If a business owner provides all the necessary documents promptly and the financial records are in order, the valuation process can move along swiftly. In these cases, a business valuation report may be completed in about 30 to 45 days. However, if the company has incomplete, inaccurate, or difficult-to-access records, the valuators will need more time to gather the correct information, which could delay the entire process.
2. Structure and Size of the Firm
The size and complexity of the business being valued are also crucial factors in determining how long the valuation will take. Smaller businesses with straightforward financials, such as a small family-owned business, will generally be faster to value than larger, more complex businesses.
For example, a multinational corporation with multiple subsidiaries, varying securities, and diverse financial instruments will take significantly longer to value than a small service-oriented business.
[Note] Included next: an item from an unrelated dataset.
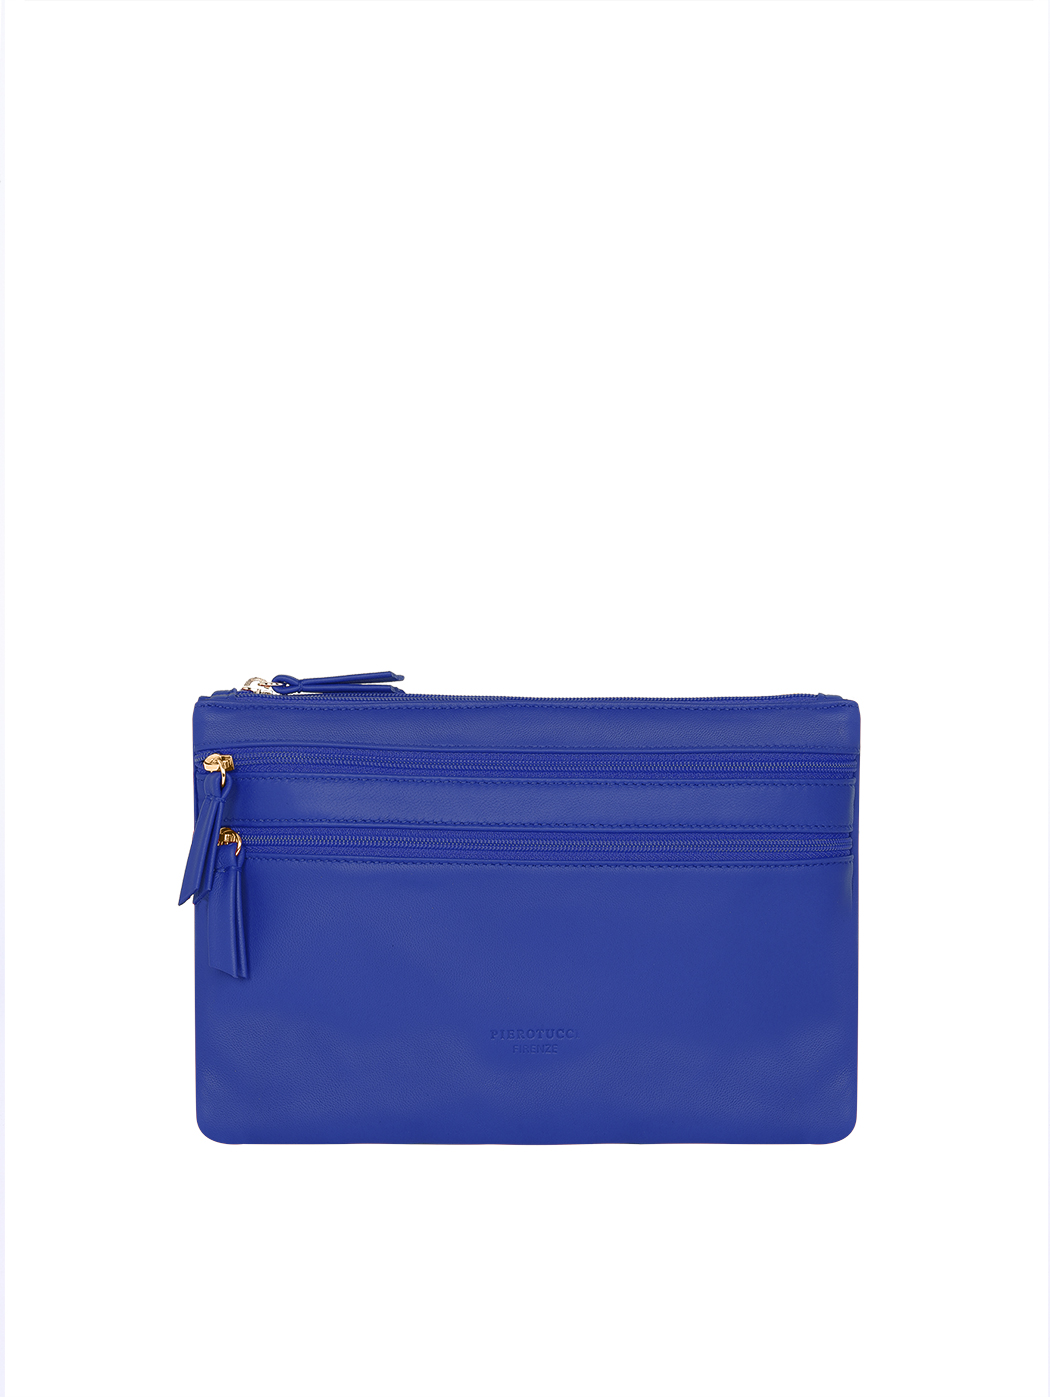 Blue Convertible Crossbody Clutch Bag

The valuation of larger, more intricate companies often involves additional layers of financial analysis, such as evaluating different securities, capital structures, and international operations. As a result, the larger and more complex the company, the longer it will take to conduct a thorough valuation.
3. Availability of the Client and Existence of Client Advisors
Another critical factor in determining how long the business valuation process will take is the availability and responsiveness of the business owner (client). If the business owner is quick to respond to requests for information and readily provides the necessary documentation, the valuation process will proceed much more smoothly and efficiently.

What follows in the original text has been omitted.